Funding: This work was supported by National Health and Medical Research Council (NHMRC) grant (Grant number: 1048180). EB and BL are supported by NHMRC Fellowships.
Competing interests: PM sits on the Australian Government expert advisory committee for immunization. EB chairs the Australian Government Advisory Committee on the Safety of Vaccines. CRM had received funding and/or laboratory testing support for investigator driven research from CSL Biotherapies, Pfizer and Merck but not related to this research. She has participated in advisory boards for Pfizer, Merck and GSK. BL owns shares in CSL. AEH had received grant funding for investigator driven research from GSK unrelated to this research. All other authors report no potential conflicts. This does not alter the authors' adherence to PLOS ONE policies on sharing data and materials.

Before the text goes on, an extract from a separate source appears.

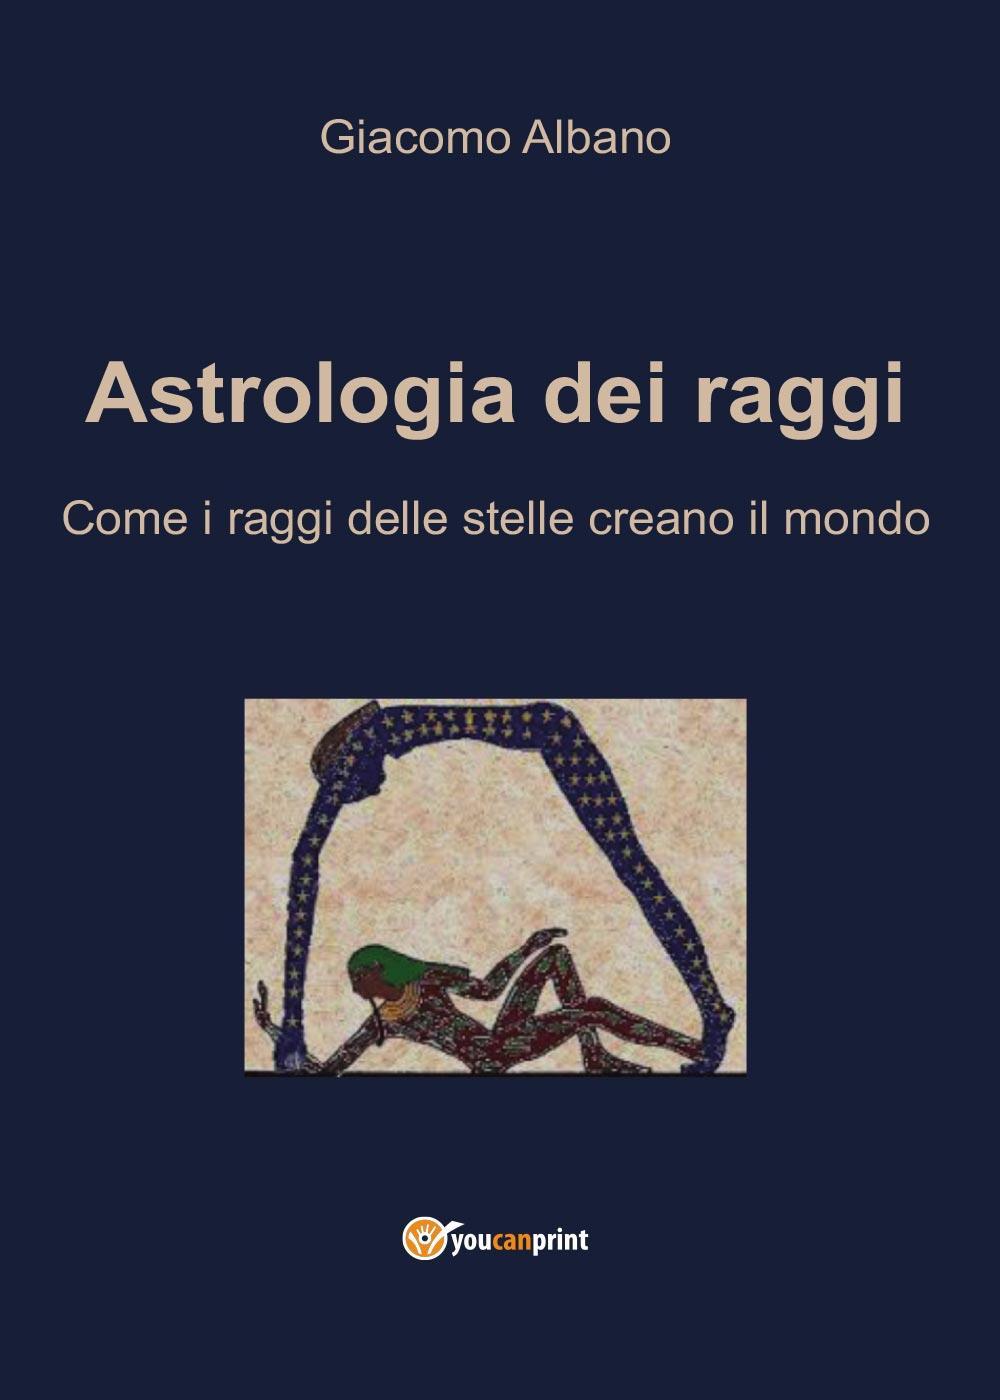 Astrologia dei raggi. Come i raggi delle stelle creano il mondo

Herpes zoster (HZ), commonly known as “shingles”, is a viral disease that occurs as a result of reactivation of latent varicella zoster virus (VZV) established in the spinal dorsal root or cranial ganglia after primary infection . Acutely, it is usually characterised by unilateral, painful, vesicular, dermatomal eruptions along a single spinal or cranial sensory ganglia . In addition to acute manifestations, around 10–20% of patients in the unvaccinated population experience chronic pain, also known as post-herpetic neuralgia (PHN), that can seriously affect quality of life [3–5]. PHN is variably defined as pain persisting for 1 month , 6 weeks , 2 months , 3 months [3, 9] and 6 months after the HZ rash is healed . However, from the perspective of measuring healthcare resource utilisation, the first three months after the onset of HZ has been considered the acute/sub-acute phase and the chronic phase is defined as persistence of sensory symptoms more than 3 months after the onset of HZ vesicular eruptions [3, 9, 11–13].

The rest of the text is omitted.